Khang’s smile was lopsided. “What happens if they decide to shoot first and argue afterwards?”
“Why should they?” Tyreen said.
“Colonel, you don’t know this country too well after all, do you?”
“You just act like a North Vietnamese sergeant who’s lost his outfit. You’ll get along fine. Get rid of your equipment and peel down to your undershirt.”
Khang said, “Okay, Colonel. I’ll do my best to save the Goddamn world for democracy.”
He turned away, and Tyreen watched him lug his gear into the bush. Tyreen felt faint, not altogether present. He wheeled on Saville: “Set up the machine gun to command the road, and post the men.”
Saville turned to J. D. Hooker: “Deploy the men, and get that machine gun set up.”
Tyreen barked at him: “If I’d wanted the sergeant to execute that order, I’d have issued it to him, Captain!”
Saville’s mild glance swiveled around and rested against him. Saville didn’t say anything. He walked over and picked up the machine gun as if it were a light carbine and carried it back into the grass.

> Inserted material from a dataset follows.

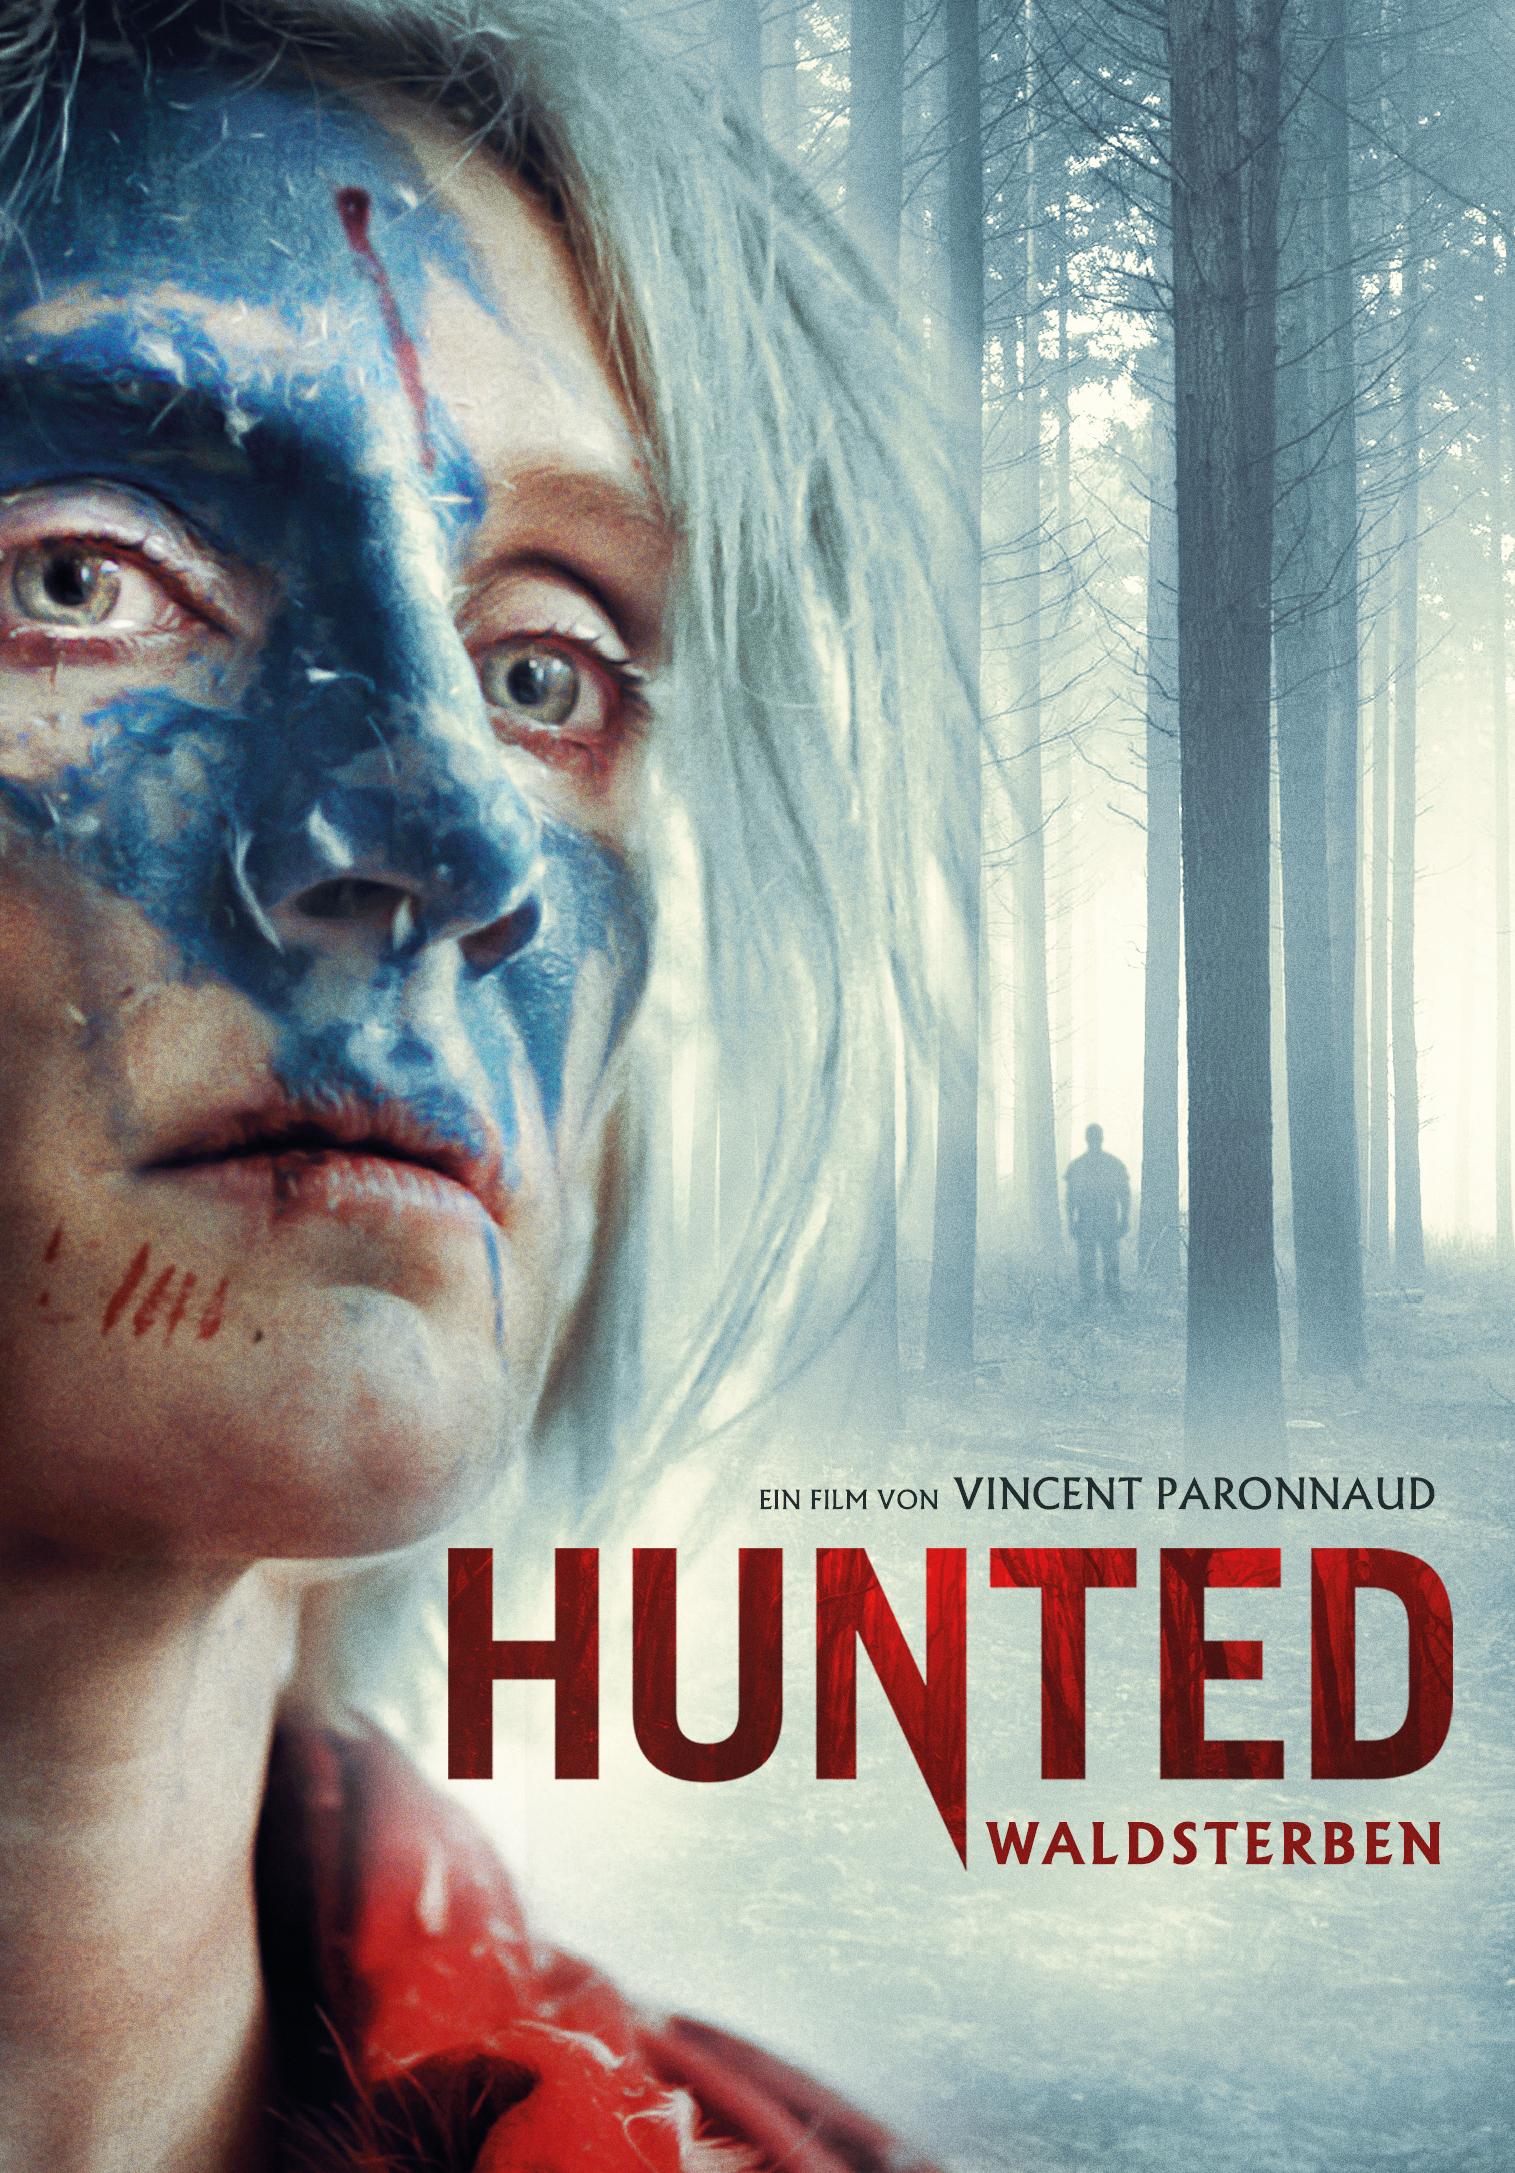 hunted_DVD_artwork_2d_ohne_FSK

Tyreen slung his submachine gun over one shoulder and walked angrily off the road. Hooker and Sergeant Sun watched him speculatively. Corporal Smith stood back with his hands locked around his gun, and Saville, coming by, spoke to him: “Post yourself across the road, Corporal, and don’t do any shooting until the Colonel calls for it.”
Out over the sea, the rim of the sun was a red hump on the horizon.
Chapter Thirteen
0635 Hours
“Begorra,” said George McKuen. Engulfed in cloud, the gooney bird plowed forward. McKuen peered downward with his face touching the glass.
“The needle says six thousand feet, Lieutenant. I can’t see a damned thing. Suppose the mountains—”
“Quit supposing and help me fly this thing.” McKuen put the nose down, and the old craft went into a glide like a safe going down an elevator shaft. The engines started to whine, and Shannon screamed at him:
“ What are you doing ?”
McKuen leveled off; the altimeter swayed around to five thousand feet and hovered there. “Trying to bust through under these clouds,” McKuen muttered. “There — there. See it? A hole, Shannon.”
He circled into the wind and pushed the elevators down and abruptly they plunged through the undersurface of the clouds.
Cold rain was awash on the windshield. The wipers made brief arcs of visibility. Ten miles to the west loomed the mountains, vague heavy masses in the half-light. “Navigate, Mister,” McKuen said curtly, with none of his brogue.
“Damned hard to tell. Can’t see any landmarks.”
“That’s a town down there, about two o’clock. That help you?”
Shannon pored over his map. “Could be Thot Nuoc. Or maybe this one, Cai Dam. It depends on how far north we drifted on that crosswind while we were up in those clouds. I wish that direction finder worked. Have they got any radio beacons around here? Jesus, Lieutenant.”
McKuen said very mildly, “Make a guess, Mister, and make a good one. Make it soon, now, because if you don’t, we’re going to fly right into one of those mountains, and if I pick the wrong gorge to fly up, we might as well kiss the whole wake goodbye.”
“There’s a pair of twin peaks over there,” Shannon said. He pointed with his arm. “Eleven o’clock. If you want me to make a guess, then I’d put that landing strip on the north side of the far one.”
“If that’s a wrong guess, you’ll get no chance to apologize.”
“Cut it out, Lieutenant. You want me to shit in my pants?”
McKuen made a dry chuckling sound. “At least the bloody wings haven’t iced up. Temp gauge reads thirty-four outside. Three degrees less, and we’d be icing. Shouldn’t we be able to see that runway?”
“I can’t see a damned thing.” Shannon wiped at frost on the inside of the windshield.